Could you set down the listing below exactly, leaving out its pictures?

> _DATA SEGMENT_:
=== Section Start ===
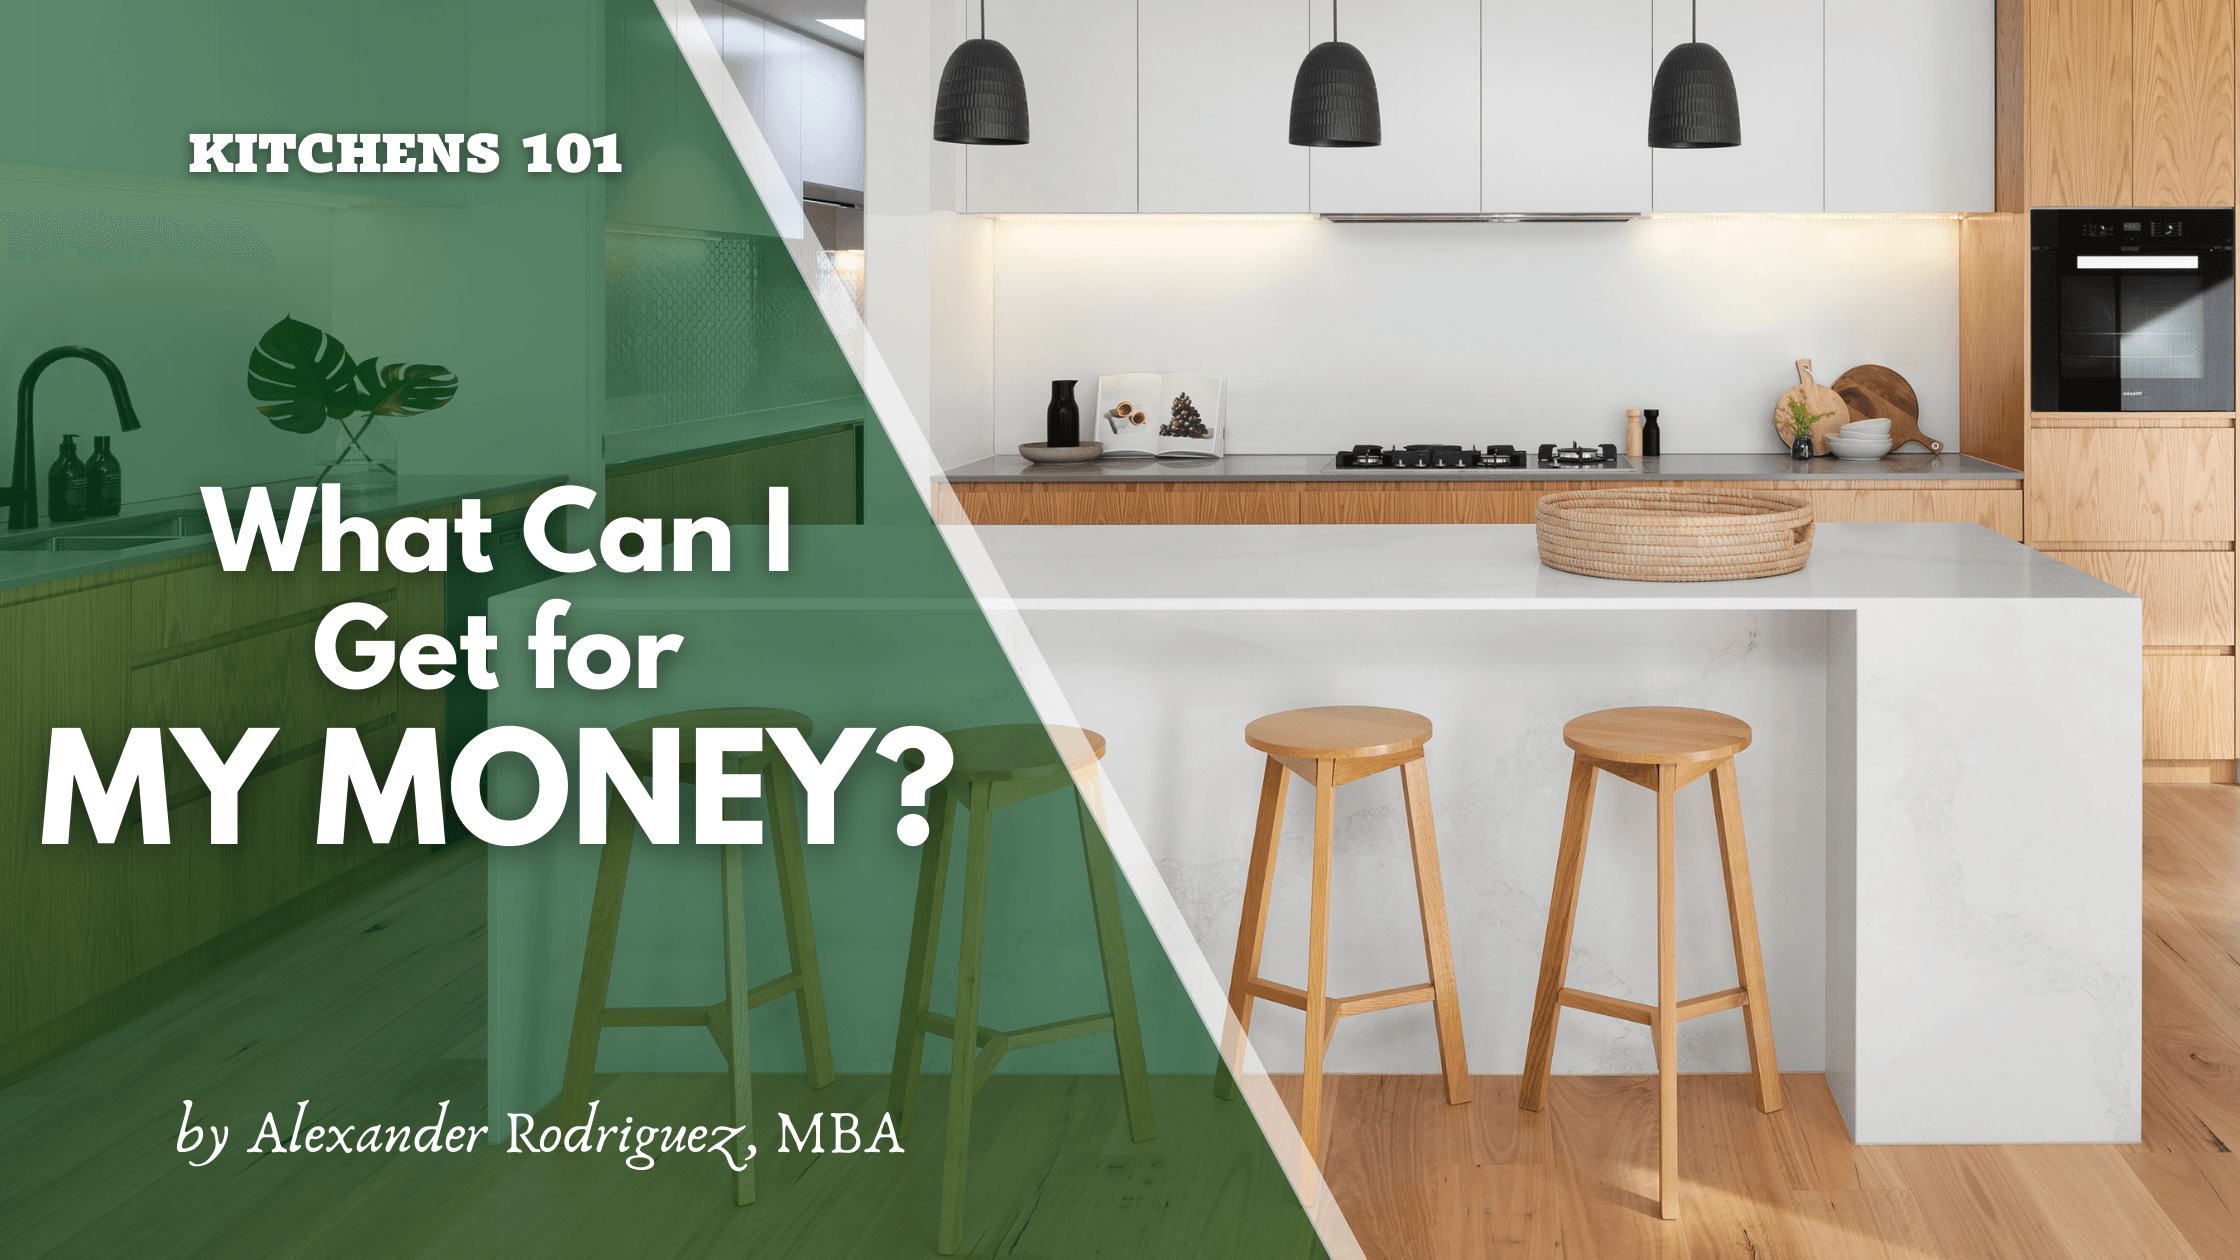 Blog - What Kitchen Can I Get got Money
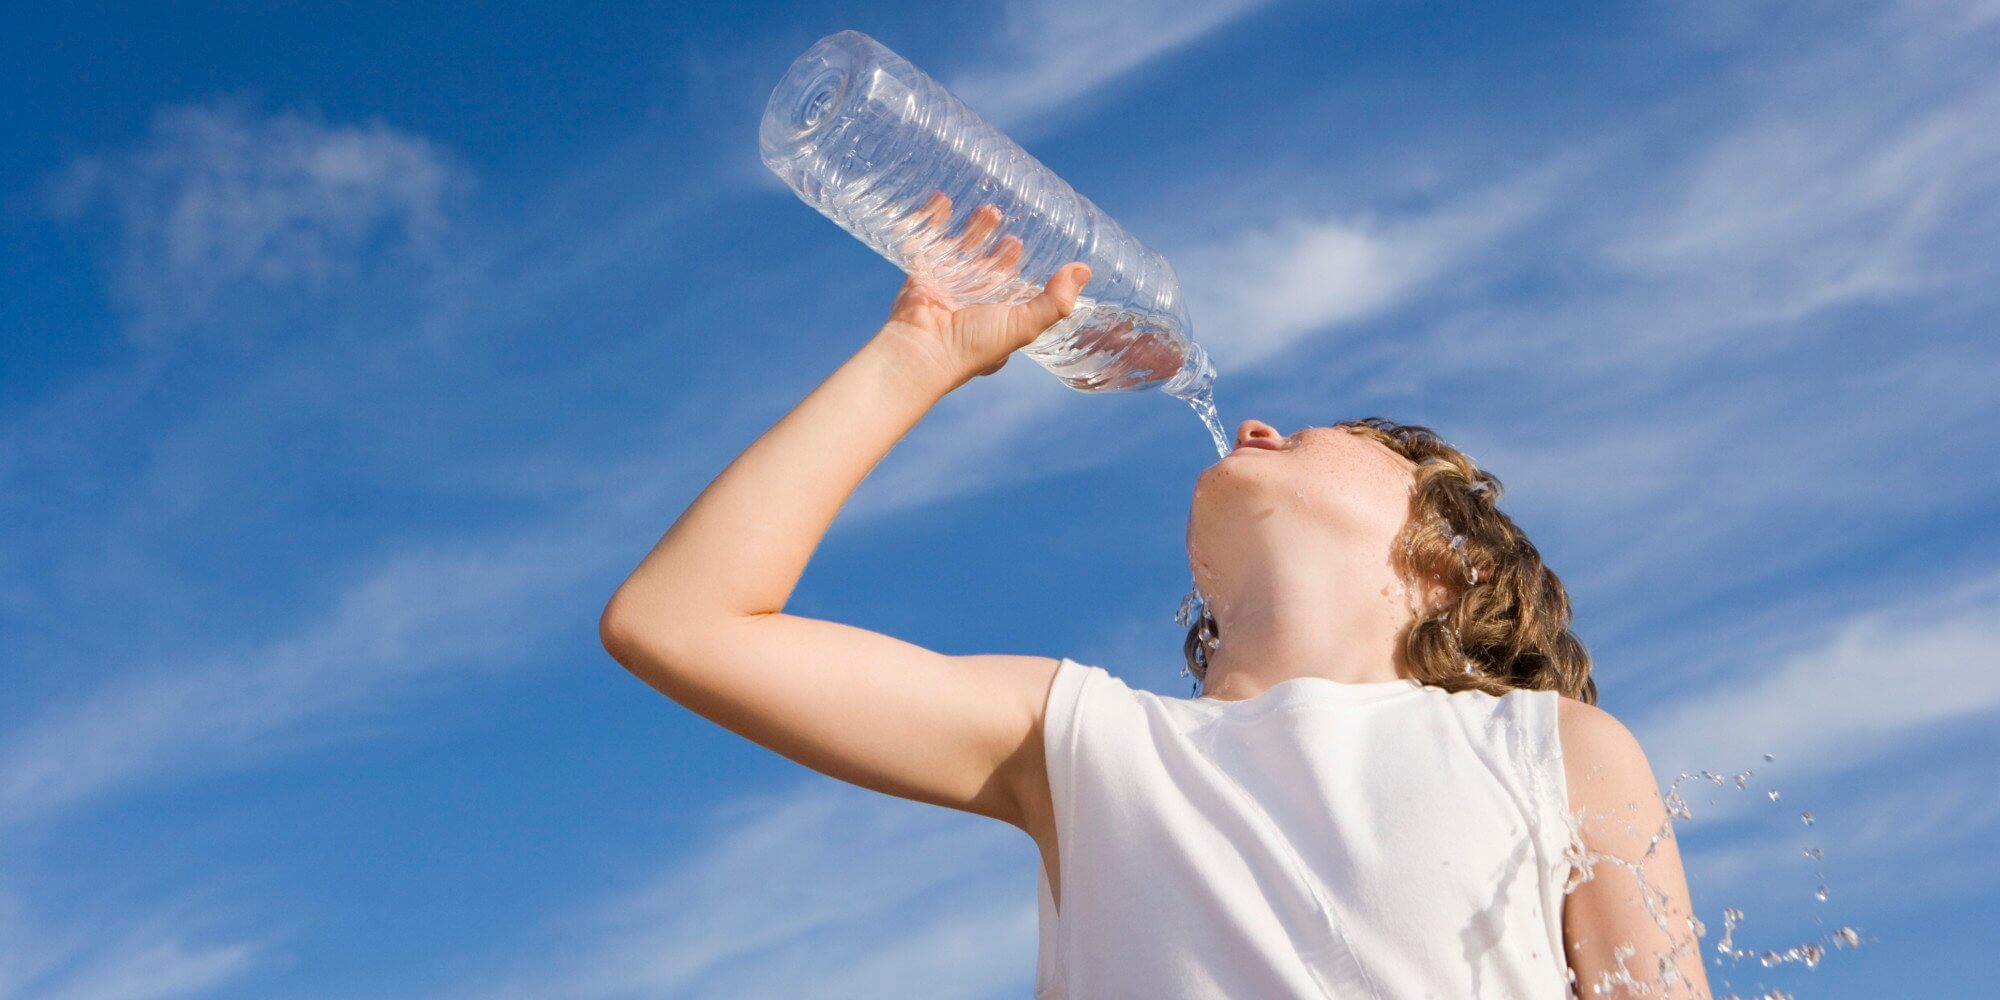 Сколько нужно пить воды в день подростку: литров, вес, стаканов, как
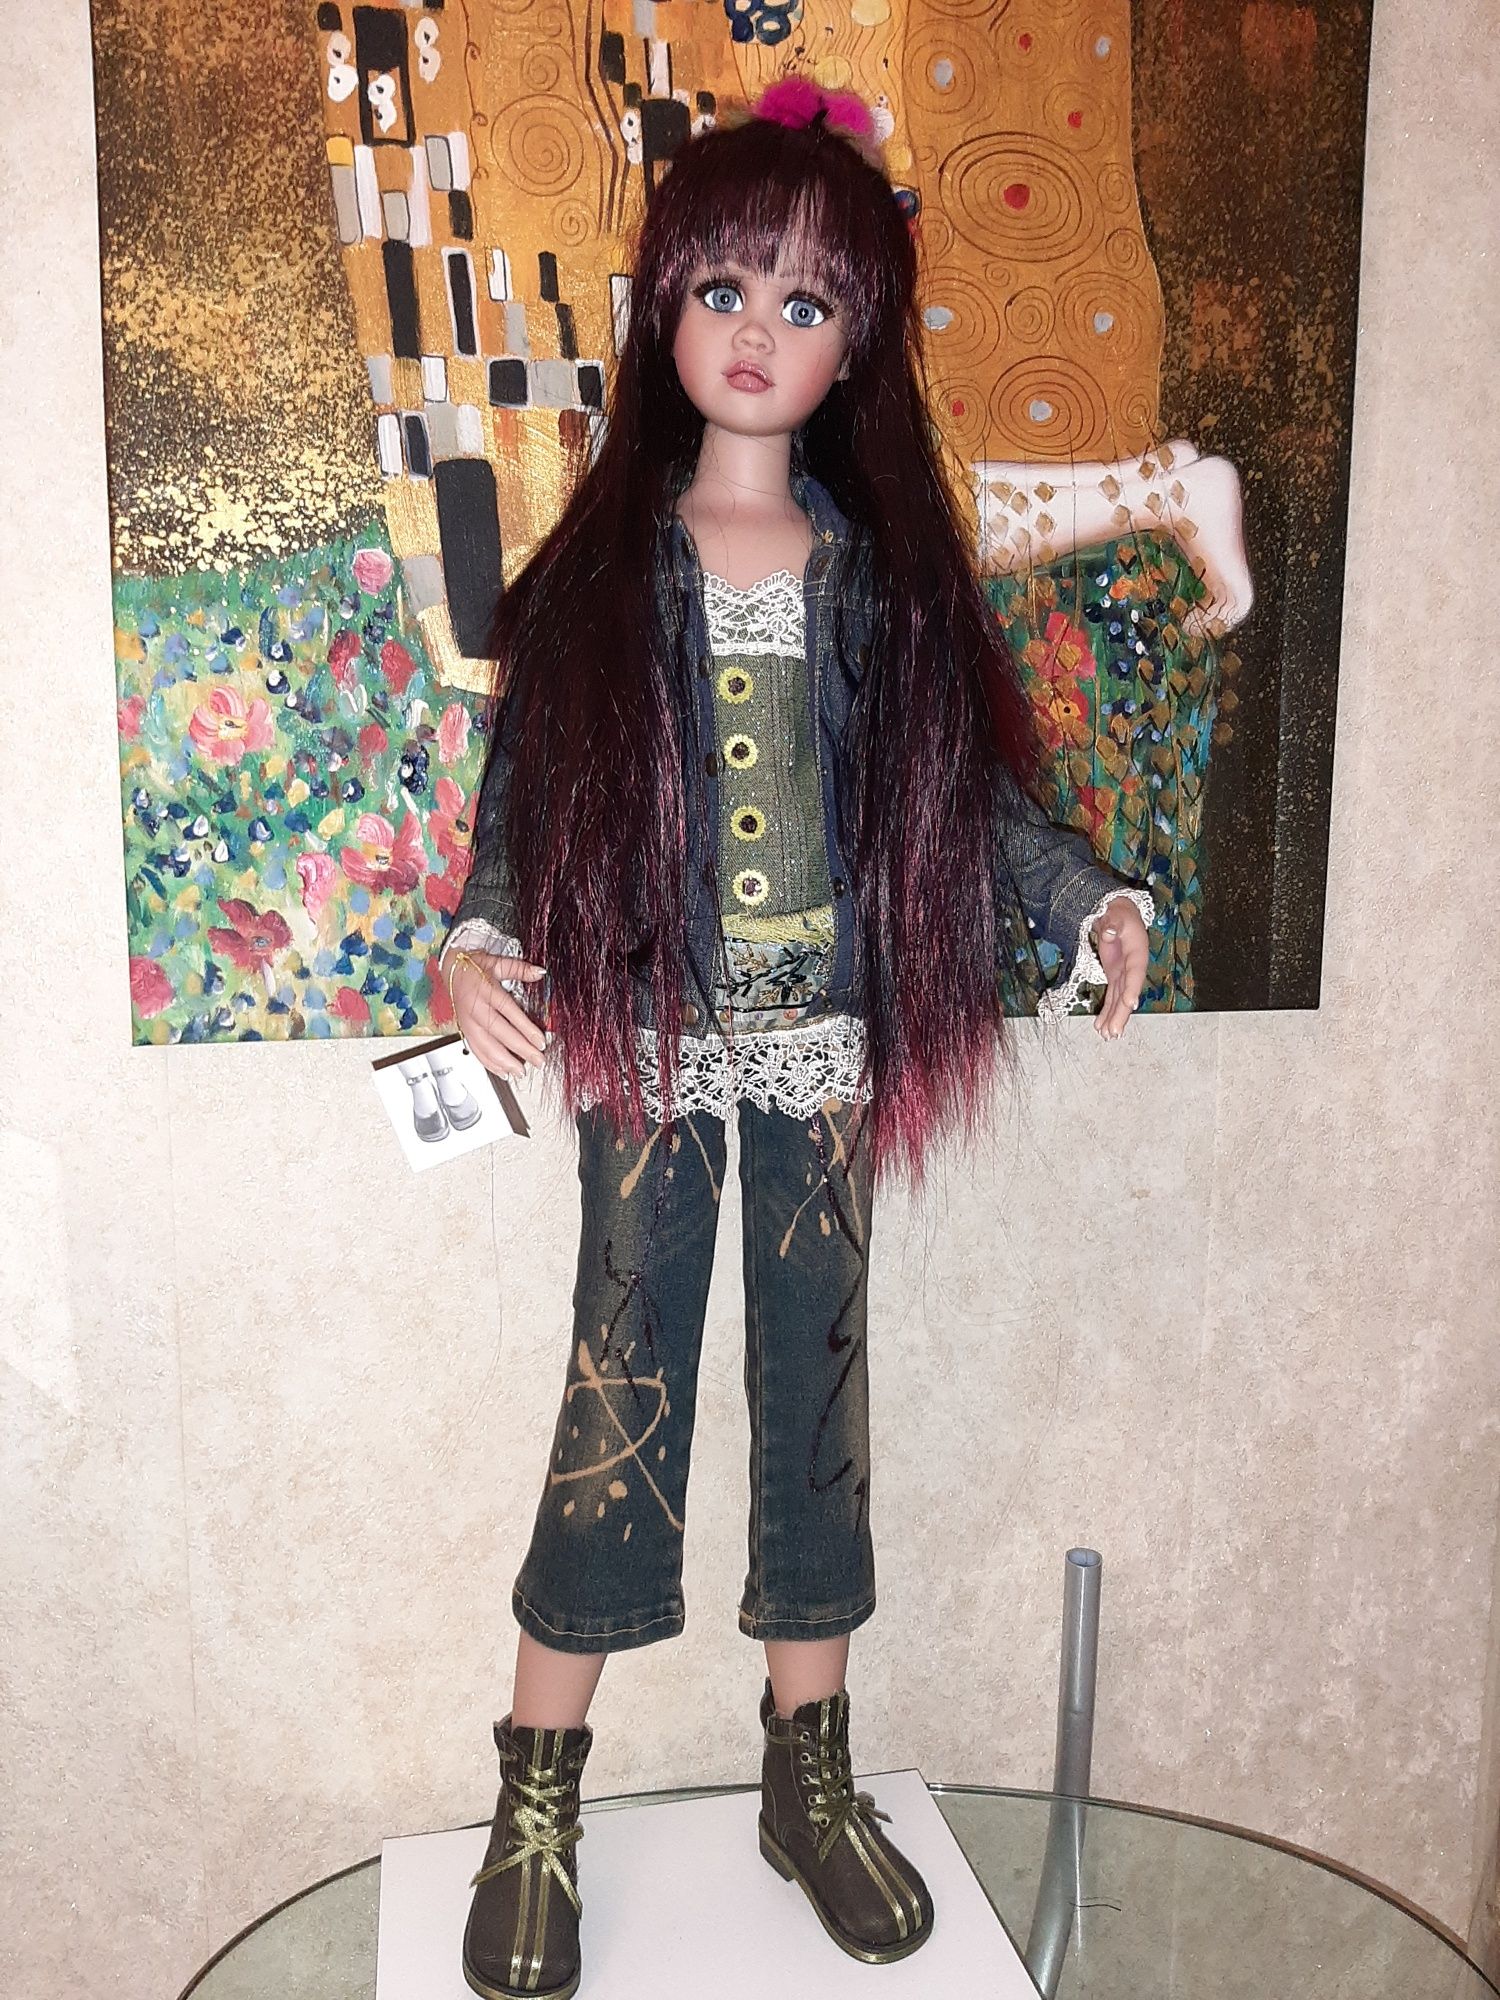 Редкая коллекционная кукла Jan Mclean по имени Maggie
=== Section End ===
> _ANSWER BOX_:
 Blog - What Kitchen Can I Get got Money
 Сколько нужно пить воды в день подростку: литров, вес, стаканов, как
 Редкая коллекционная кукла Jan Mclean по имени Maggie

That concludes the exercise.